---- DATA

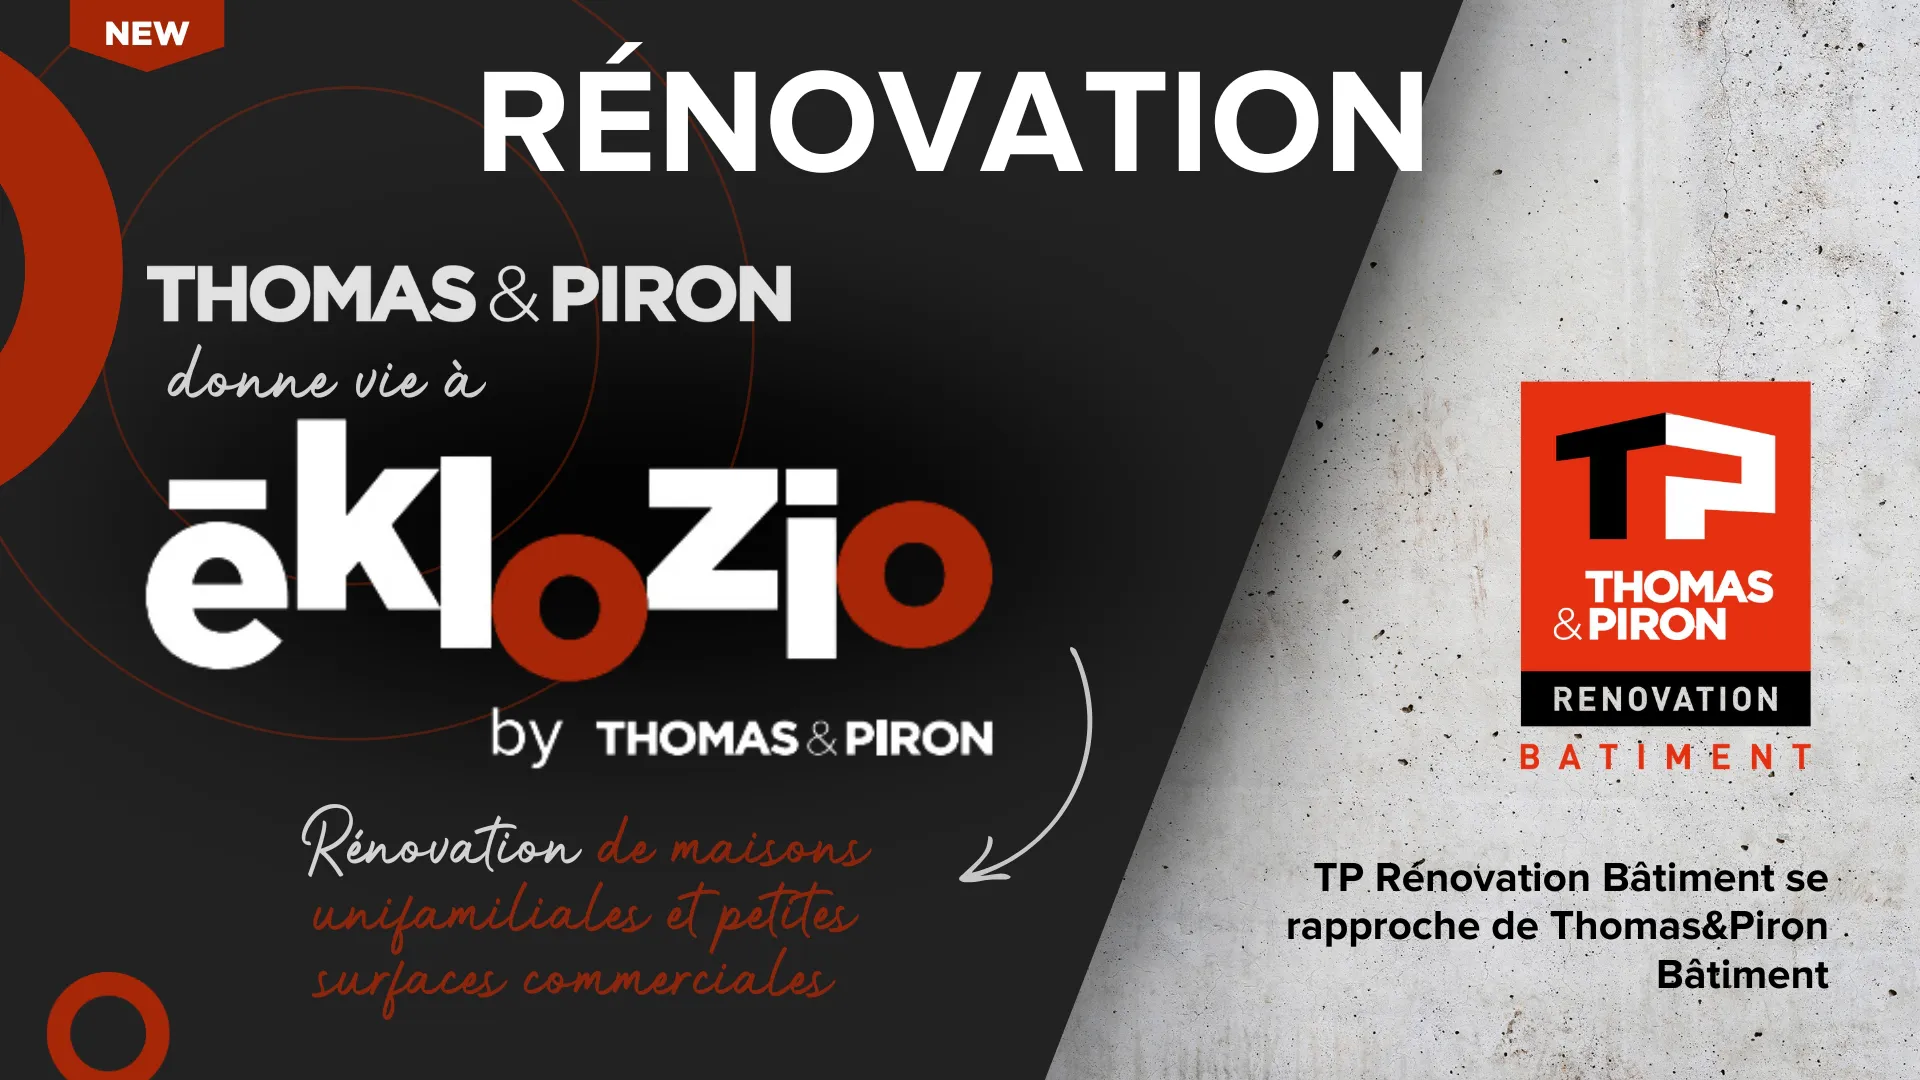 Thomas & Piron crée Eklozio et entend devenir un leader dans le segment d’avenir de la rénovation 
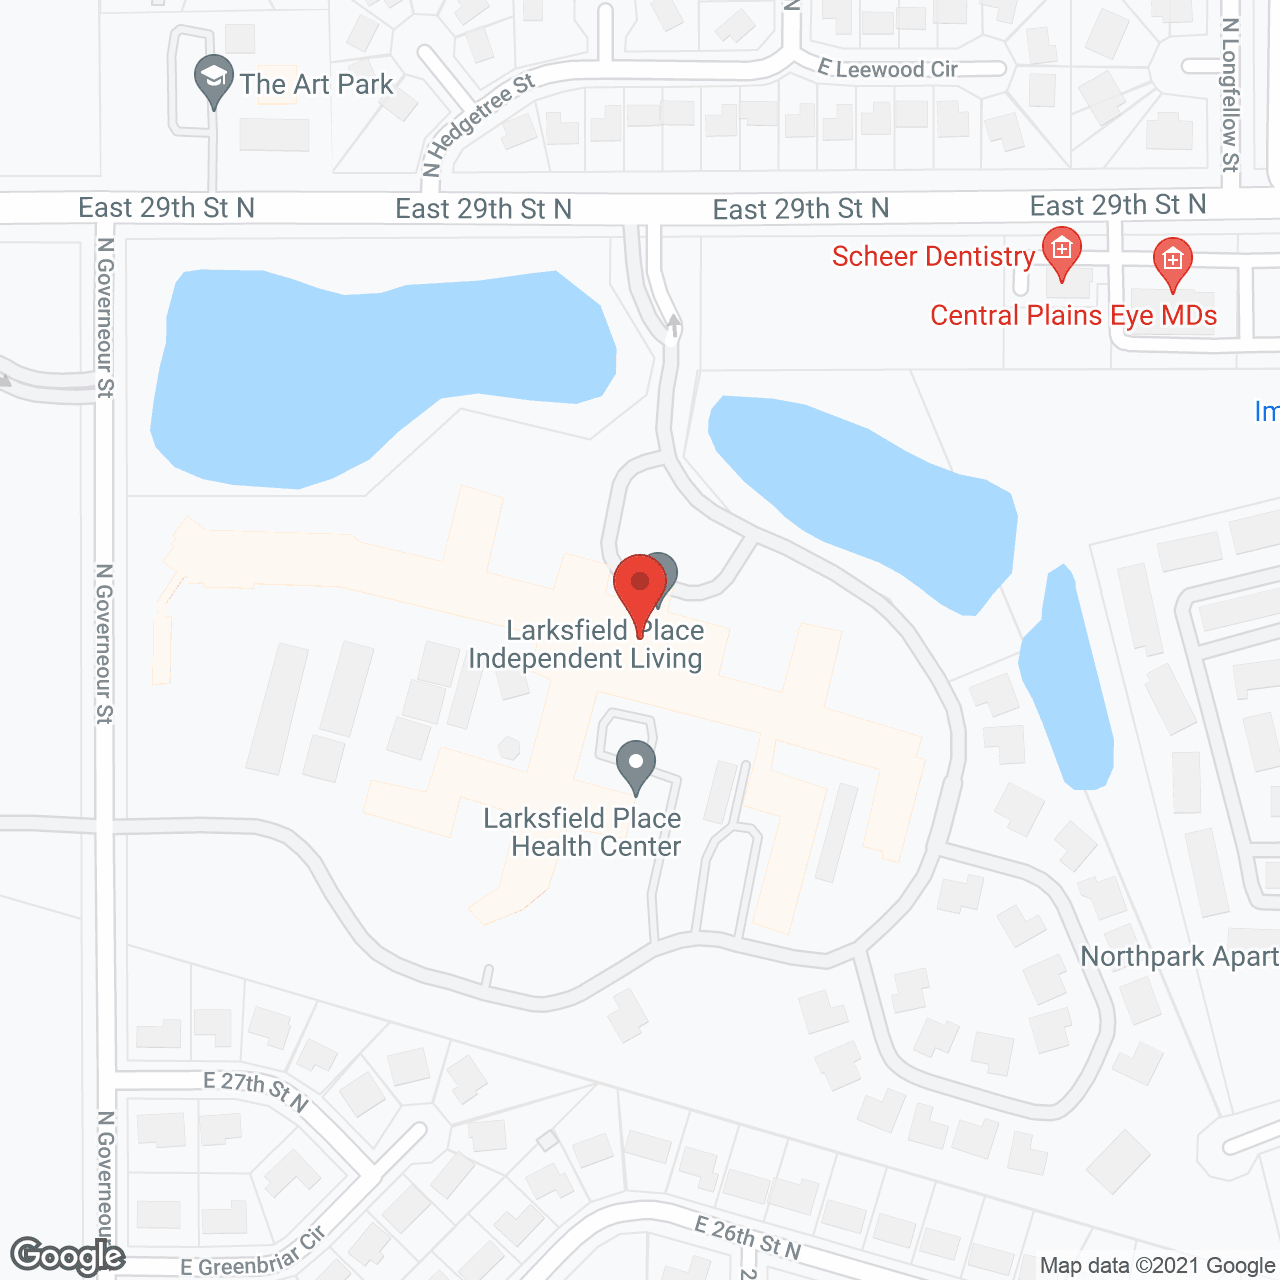 Larksfield Place in google map
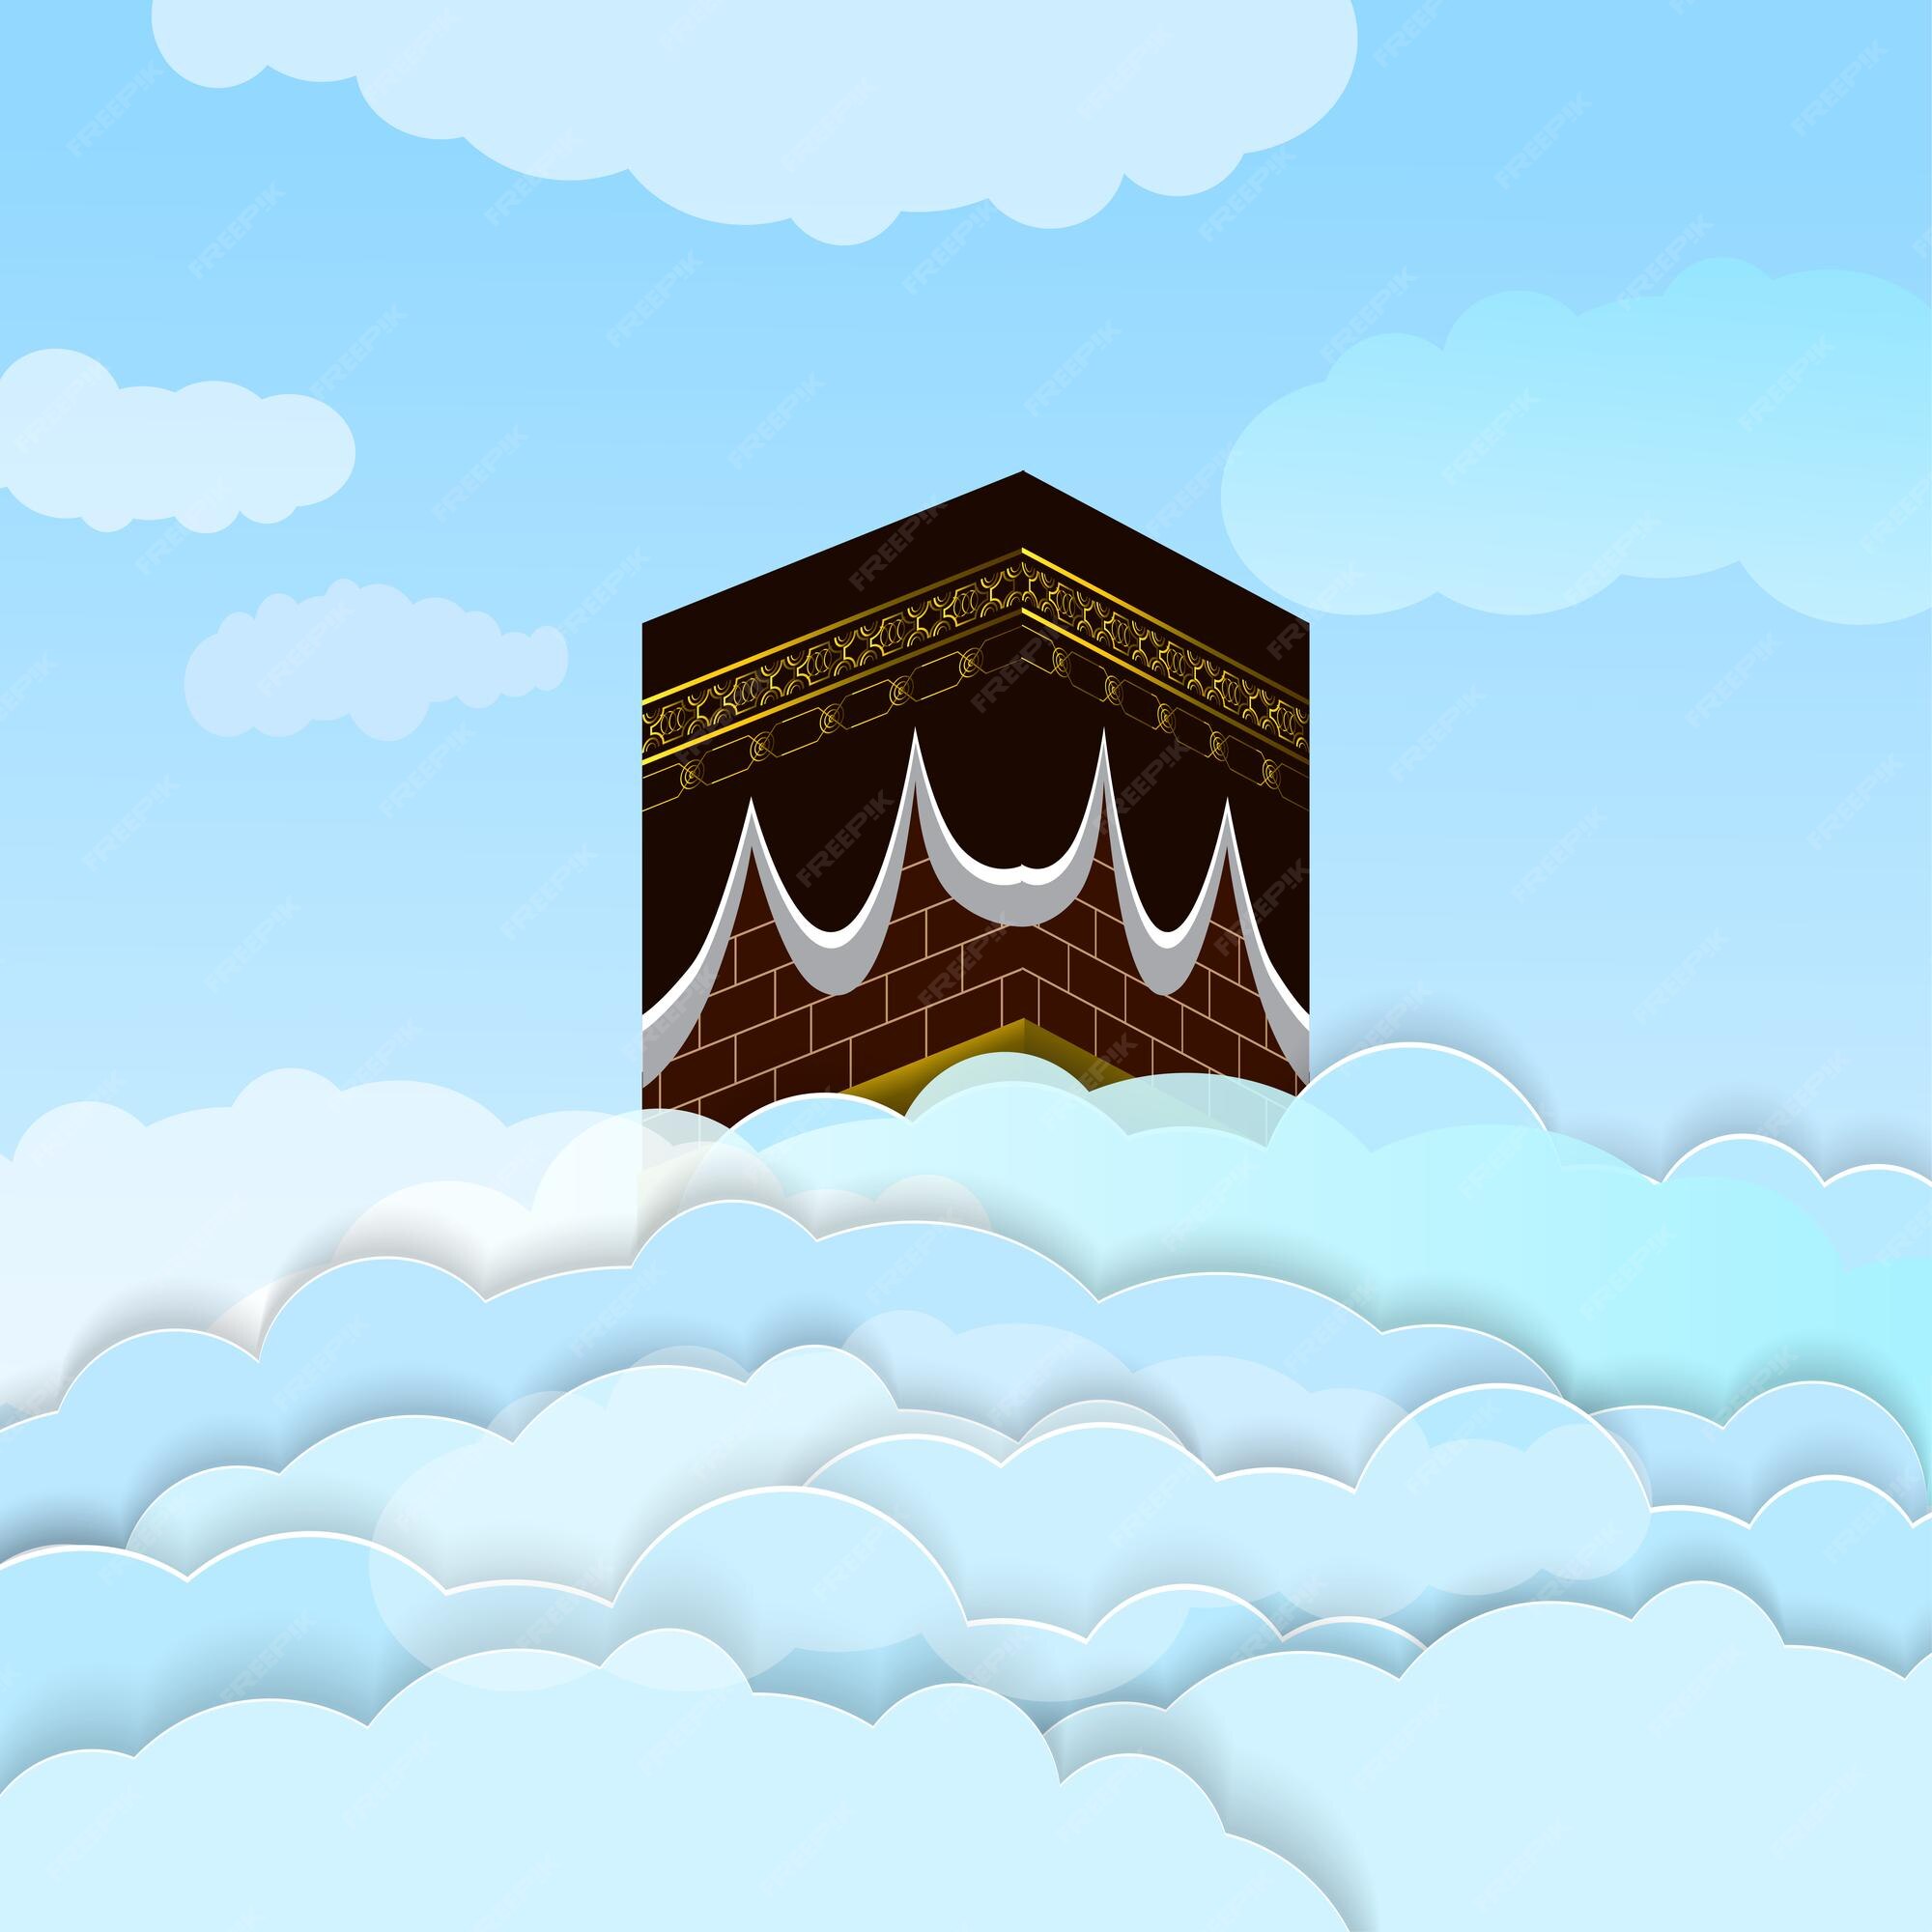 Mekkah Vectors & Illustrations for Free Download | Freepik
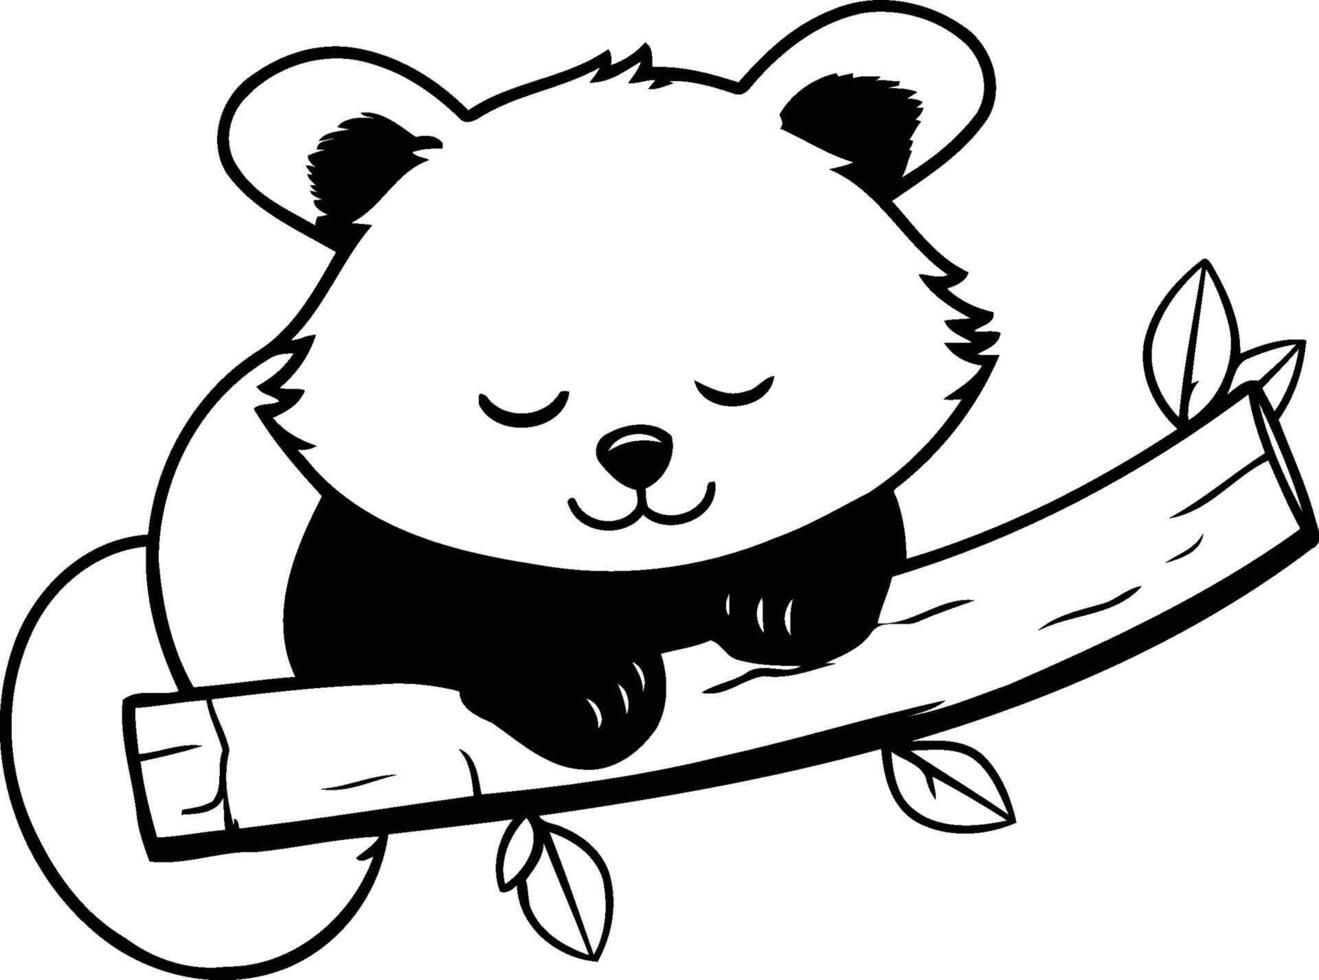 süß rot Panda Schlafen auf ein Ast. Vektor Illustration.

--------

- WHAT IS BEING ASKED
After locating the line that holds "Larksfield Place in google map", output exactly the lines from it through the last line of the material above, inclusive, without pictures.

- TASK RESULT
 Larksfield Place in google map
 Mekkah Vectors & Illustrations for Free Download | Freepik
 süß rot Panda Schlafen auf ein Ast. Vektor Illustration.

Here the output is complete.